Current treatments for asthma, while reducing exacerbations in a subset of patients by focusing on airway inflammation, do not eliminate them. Asthma exacerbations are a significant cause of morbidity and mortality in asthma as they can lead to airway injury, lung function decline and death. Exacerbations in more severe asthmatics are of particular concern, as health care costs and lost productivity account for $21 billion/year in US annual health care expenditures. There is no current innate immune modulator for the treatment of asthma. Thus, there is a critical need to develop new therapies to be used in the treatment of inflammatory lung diseases including asthma. We have discovered small molecules that mimic the effect of an endogenous lung protein, Surfactant Protein A (SP-A), in reducing airway constriction associated with asthma that causes symptoms and exacerbations. SP-A is a natural component of the lining fluid in the lungs and serves as a first line of defense against inhaled insults and pathogens. Many asthma patients have either very low levels of SP-A or damaged SP-A due to the inflammatory environment of the asthma lung. Full-length SP-A delivered directly to the lungs is not feasible due to its size and structure. Our company, RaeSedo Inc., was founded on the principle that we can create custom modifications of the active region of SP-A that are delivered in small peptidomimetic form that have improved pharmacokinetic properties and stability. These SP-A derived peptidomimetics represent a new class of asthma therapeutics. During Phase I, RaeSedo Inc. and the University of Arizona, worked to meet the milestones proposed: Design, synthesize and optimize peptidomimetics and to characterize the bioactivity of the peptidomimetics at specific cellular targets to identify lead compounds. RaeSedo Inc.’s objectives for the Phase II proposal are to advance aerosol development, pharmacology and evaluation of toxicity of our lead compounds (C867 and C892) in two large animal models through collaborations with the University of Arizona and Lovelace Biomedical. The overall goal of this phase II proposal is to demonstrate safety and efficacy in the ragweed sensitized canine model of asthma. If successful, RaeSedo Inc. will be equipped to submit an IND application bringing a new class of asthma therapeutics to the FDA for approval.

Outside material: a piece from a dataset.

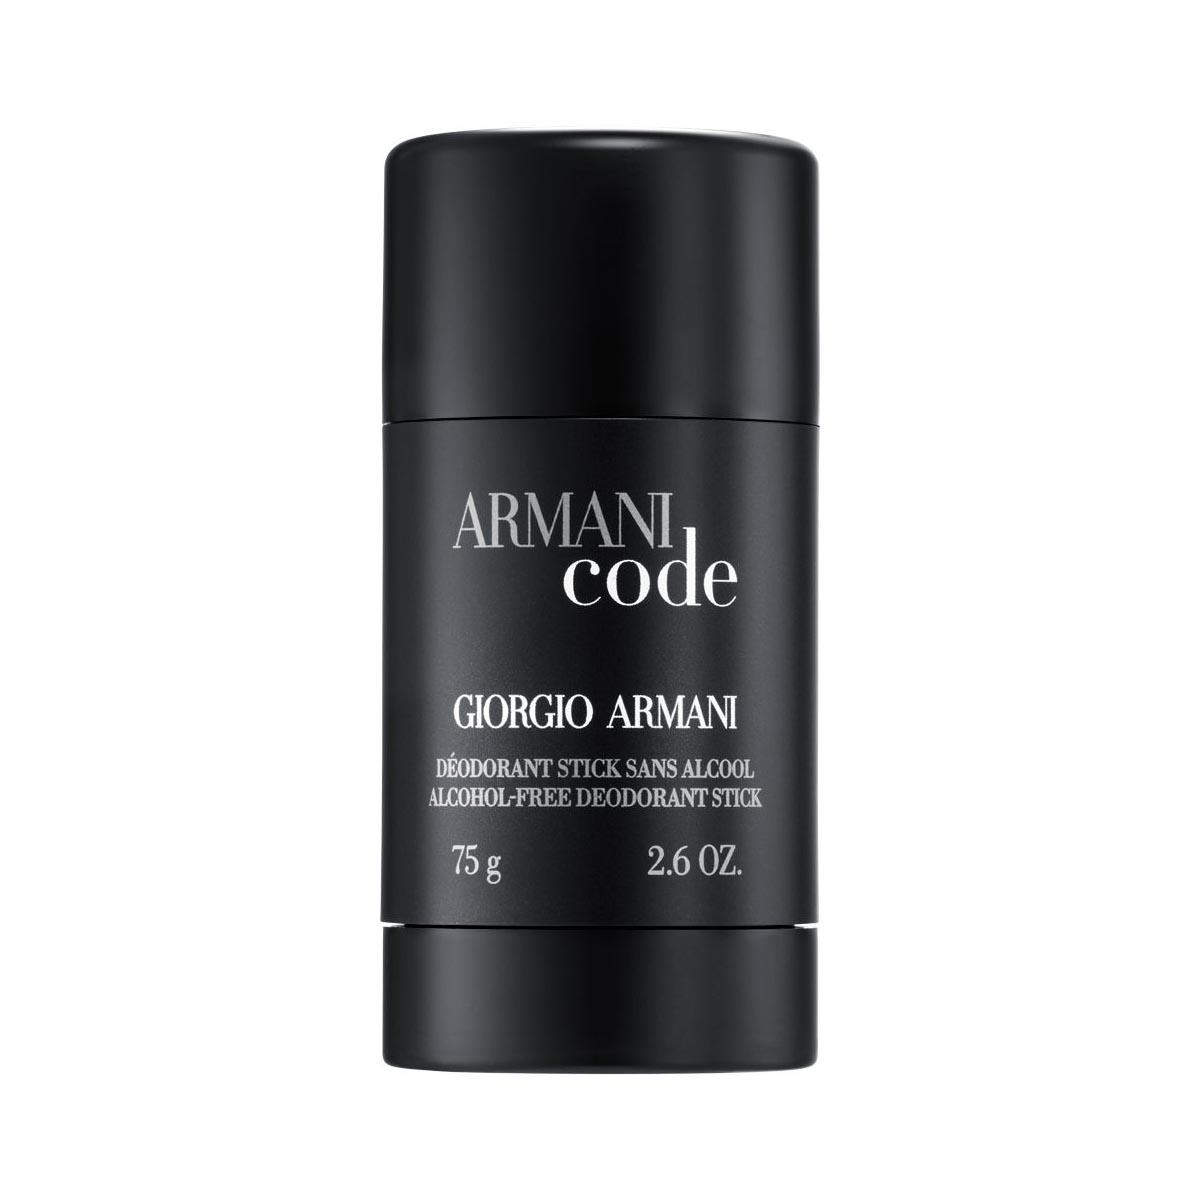 Giorgio armani black code deodorant stick 75gr

当前对哮喘的治疗方法，同时通过关注气道减少患者子集的加重 炎症，不要消除它们。哮喘恶化是发病率和 哮喘的死亡率可能导致气道损伤，肺功能下降和死亡。加重 更严重的哮喘患者特别关心 美国年度医疗保健支出为210亿美元。目前没有先天性免疫调节剂 哮喘的治疗。那是迫切需要开发新疗法以在 包括哮喘在内的炎症性肺部疾病的治疗。我们发现了小分子 模仿内源性肺蛋白表面活性剂蛋白A（SP-A）的作用在还原气道中 与哮喘有关的收缩会导致症状和恶化。 SP-A是自然的 肺中衬里液的成分，是针对遗传伤害的第一道防线 病原体。许多哮喘患者的SP-A水平非常低，或者由于SP-A损坏 哮喘肺的炎症环境。直接传递到肺部的全长SP-A不是 由于其大小和结构而可行。 我们的公司Raesedo Inc.的成立是根据我们可以创建自定义修改的原则 SP-A的活性区域以小胡椒形式进行了改善 药代动力学特性和稳定性。这些SP-A衍生的肽仪代表了一个新类 哮喘治疗。在第一阶段，Raesedo Inc.和亚利桑那大学，努力与 提出的里程碑：设计，合成和优化辣妹并表征 在特定细胞靶标上辣妹的生物活性以鉴定铅化合物。 Raesedo Inc.的 第二阶段提案的目标是提高气溶胶开发，药理学和评估 通过合作，我们的铅化合物的毒性（C867和C892）具有 与亚利桑那大学和Lovelace生物医学。该第二阶段提案的总体目标是 证明哮喘的Ragweed敏感犬模型的安全性和效率。如果成功， Raesedo Inc.将有能力提交IND申请，带来新的哮喘类 对FDA的治疗以供批准。